Is δ-mem the same as a longer context window?

No. A longer context literally feeds more tokens into attention every step – cost scales quadratically. δ-mem keeps the context window where it is and stores a compressed summary in a tiny side-state that the model reads from during generation. Cheaper, but bounded by that 8K write budget.

Can I use δ-mem with GPT-4 or Claude?

Not today. δ-mem modifies the attention computation of an open backbone, so it needs model internals – exactly what closed APIs don’t expose. The released code (as of May 2025) targets Qwen3-4B/8B and SmolLM3-3B. If you need memory on a closed model, you’re back to RAG or a thread-summary loop. That’s a real limitation worth naming, not a footnote.

How much VRAM do I need for the chat demo?

The official docs don’t publish a minimum VRAM figure, so treat any number you see floating around as community-observed rather than guaranteed.

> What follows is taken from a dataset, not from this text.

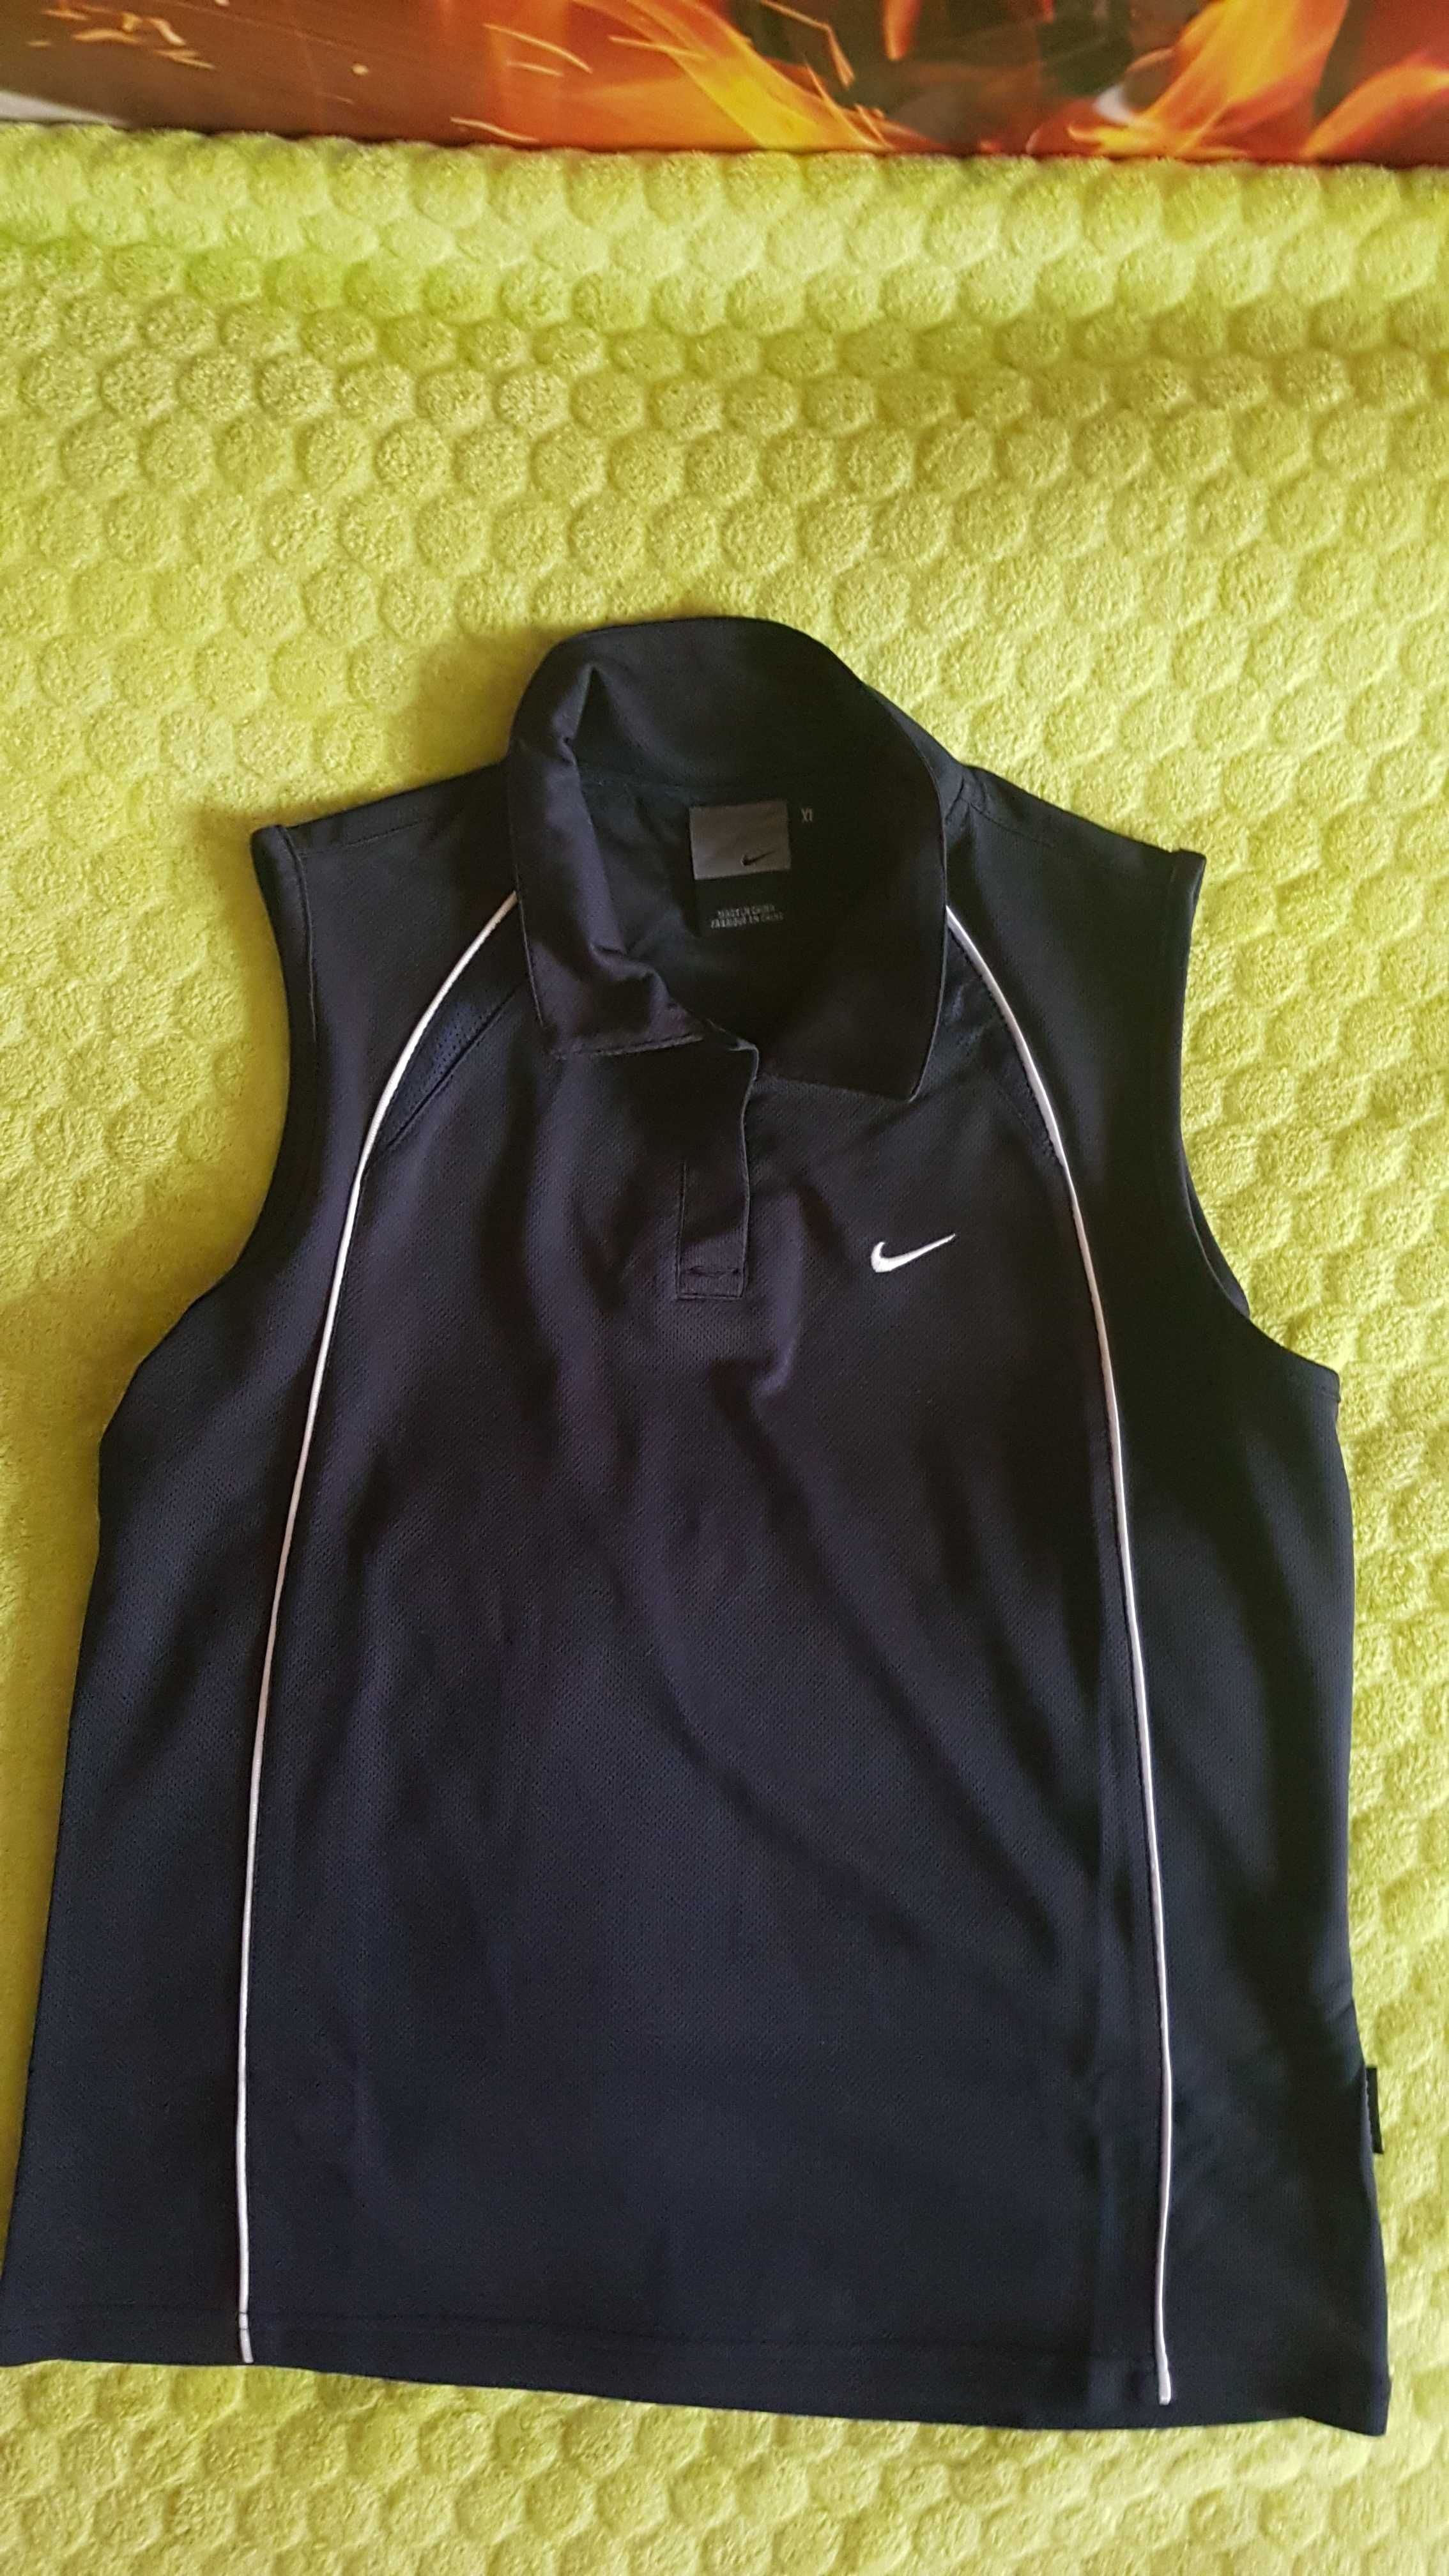 Bluzeczka Nike - S - używana

What they do specify: bf16 GPU required, FlashAttention required. A card without bf16 support won’t run this at all.

Next step: clone the repo, download the Qwen3-4B adapter, and run the chat demo with one long multi-turn conversation you already have transcripts of. Compare the answers turn by turn against the frozen backbone. That A/B is the only test that’ll tell you whether δ-mem belongs in your stack.